ABOUT THIS EXERCISE: Print out the full material below, exact in every line, with no images included.

GIVEN INFORMATION:
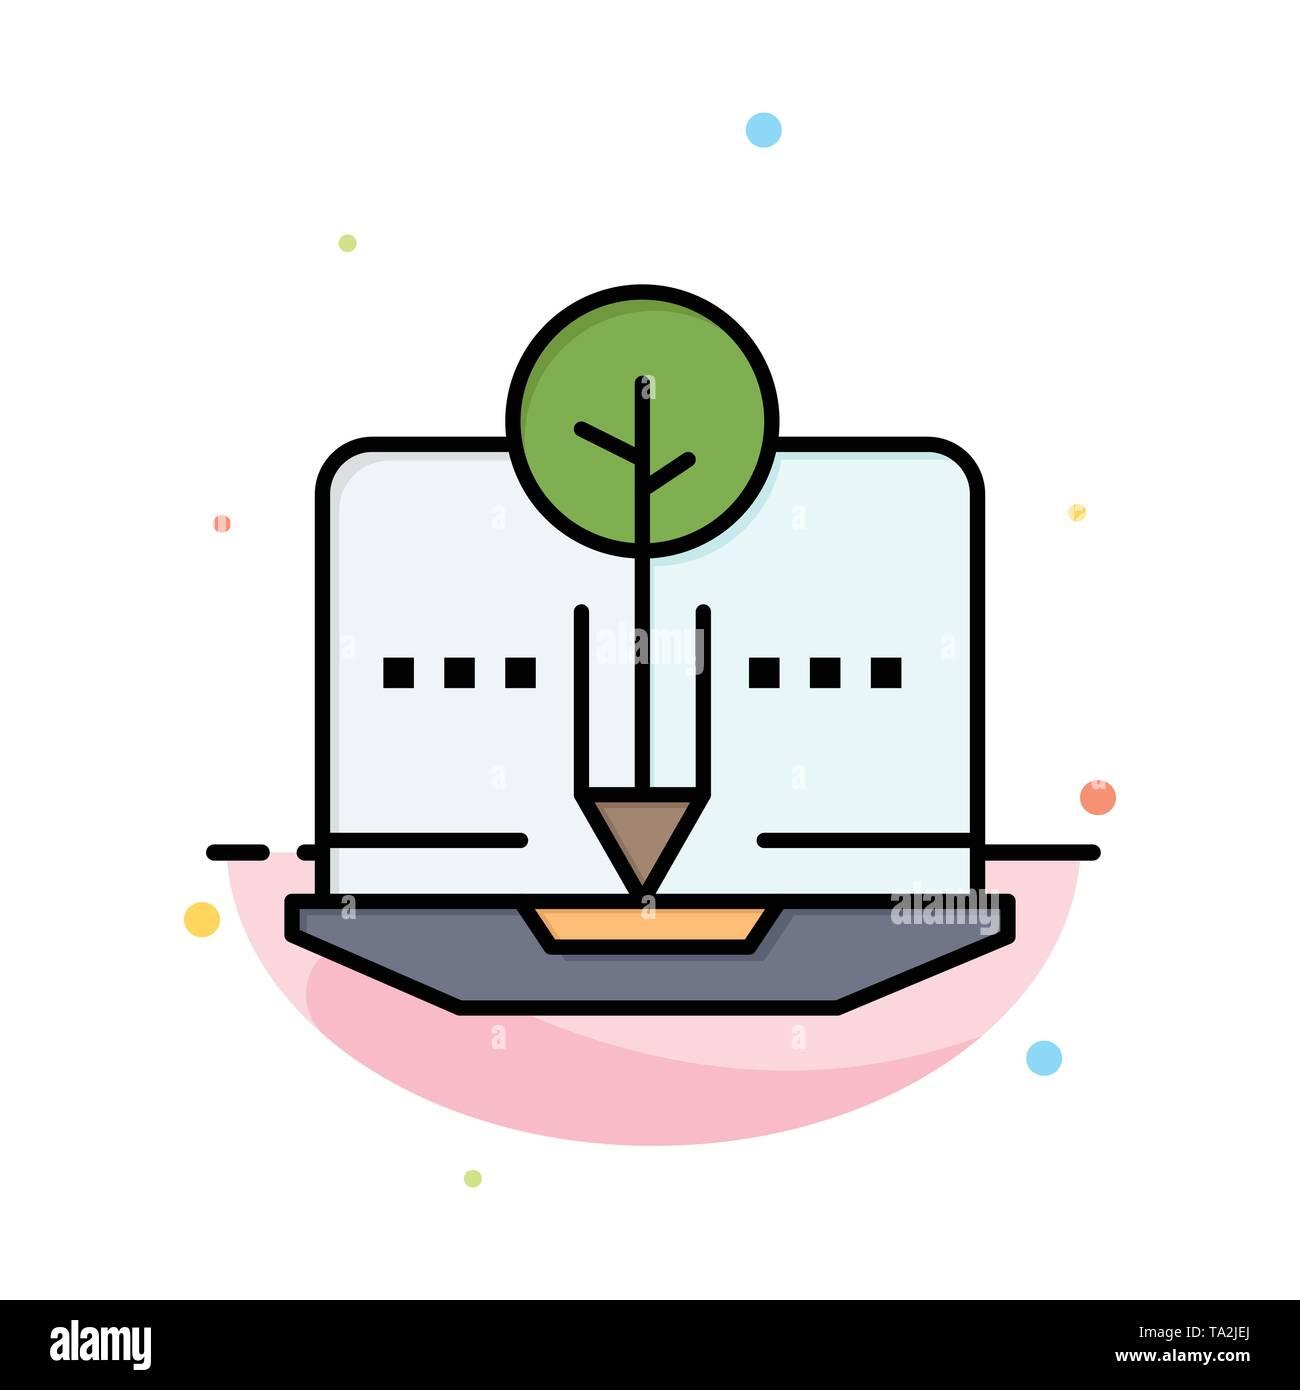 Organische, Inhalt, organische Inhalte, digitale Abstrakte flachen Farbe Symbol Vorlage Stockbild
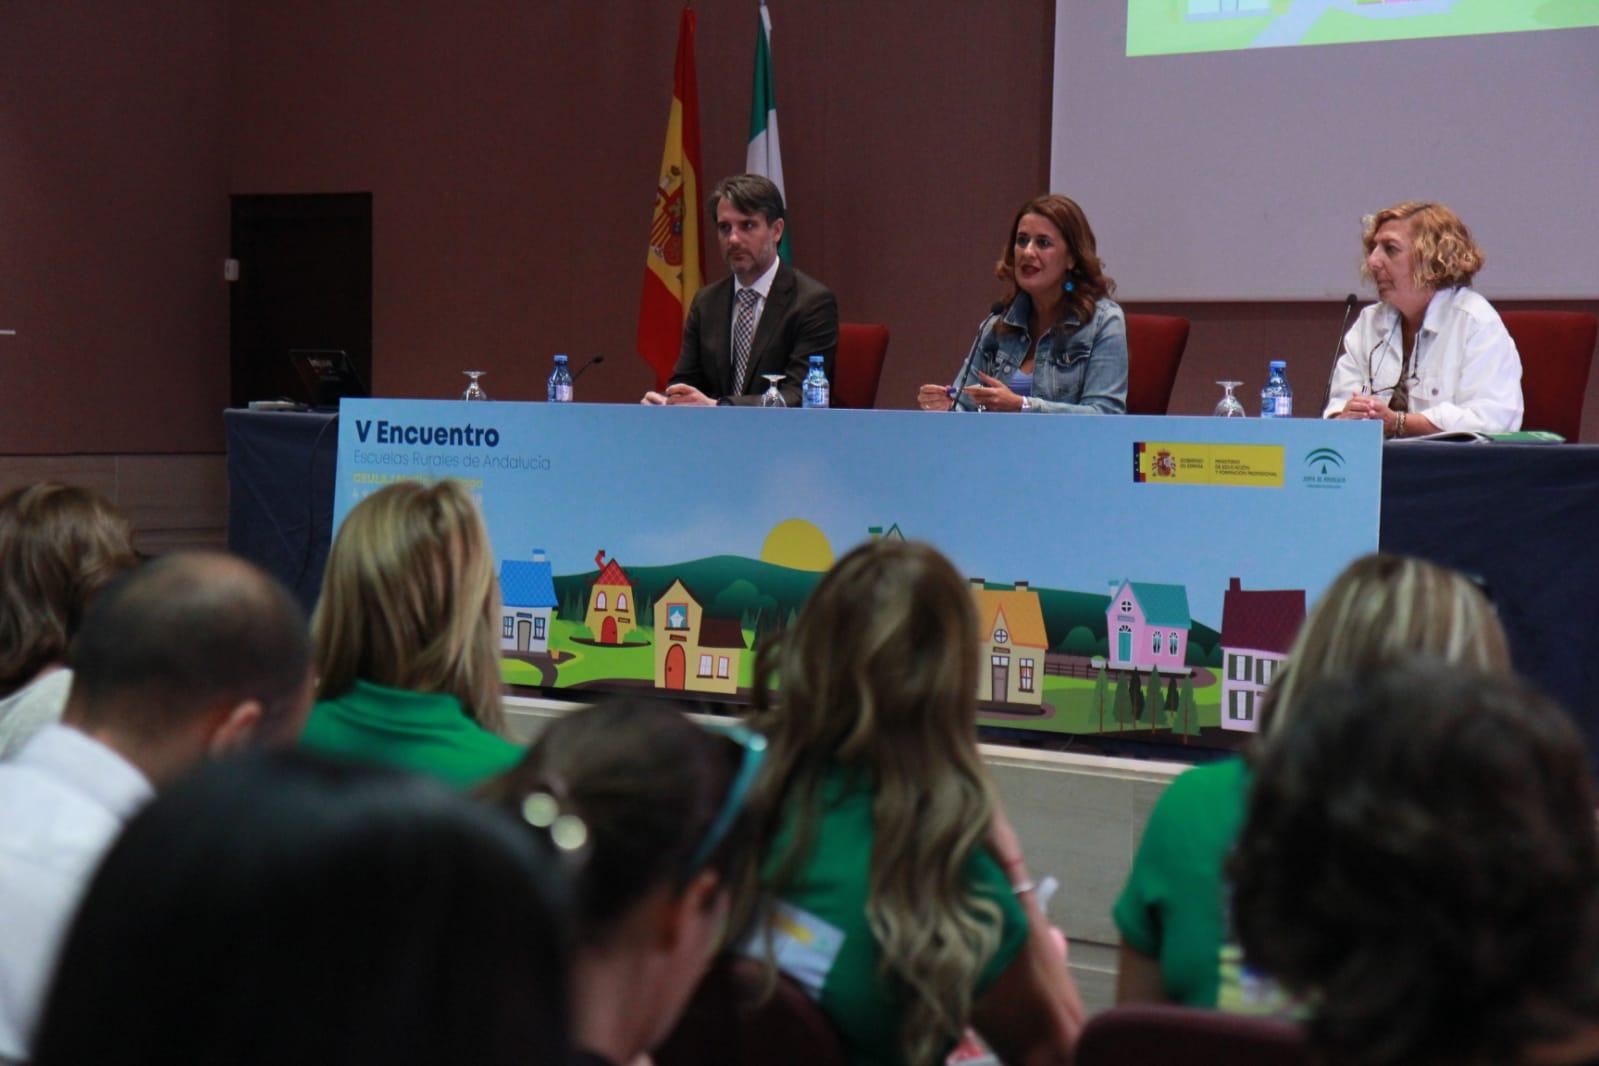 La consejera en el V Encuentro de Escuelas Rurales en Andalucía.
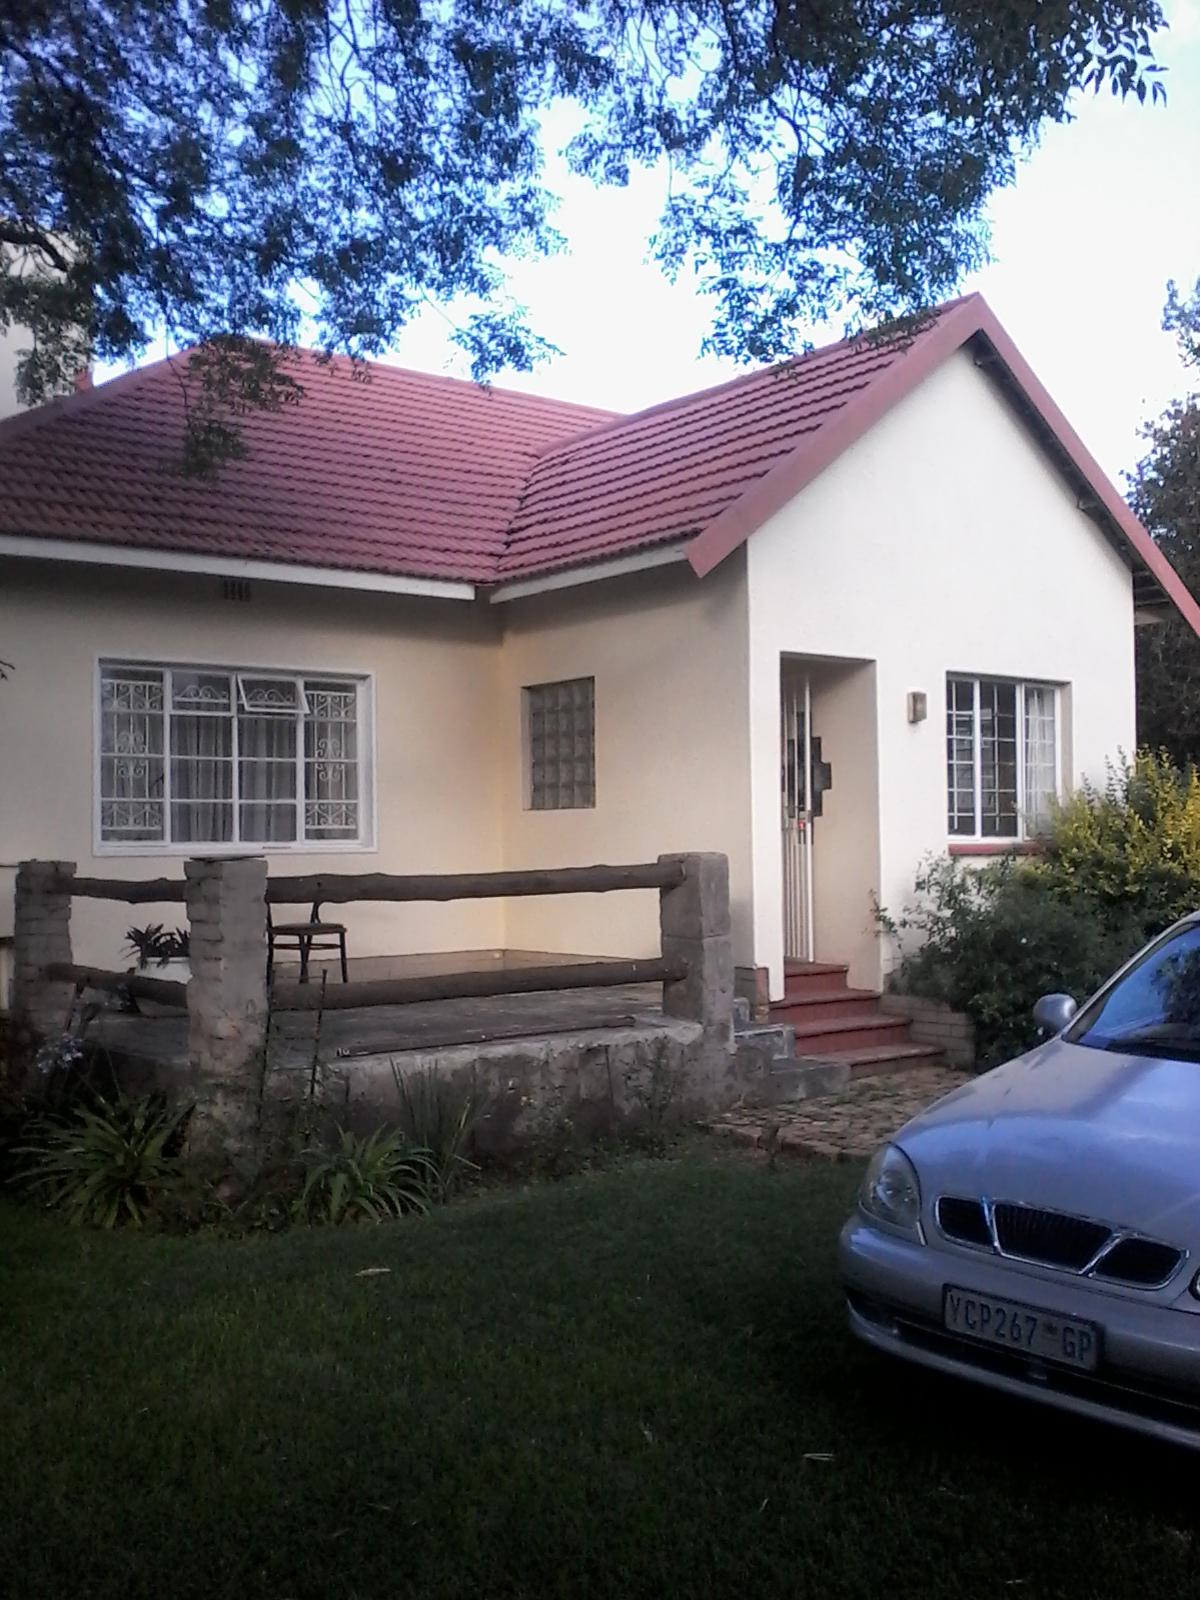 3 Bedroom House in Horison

SOLUTION FOR THIS TASK:
 Organische, Inhalt, organische Inhalte, digitale Abstrakte flachen Farbe Symbol Vorlage Stockbild
 La consejera en el V Encuentro de Escuelas Rurales en Andalucía.
 3 Bedroom House in Horison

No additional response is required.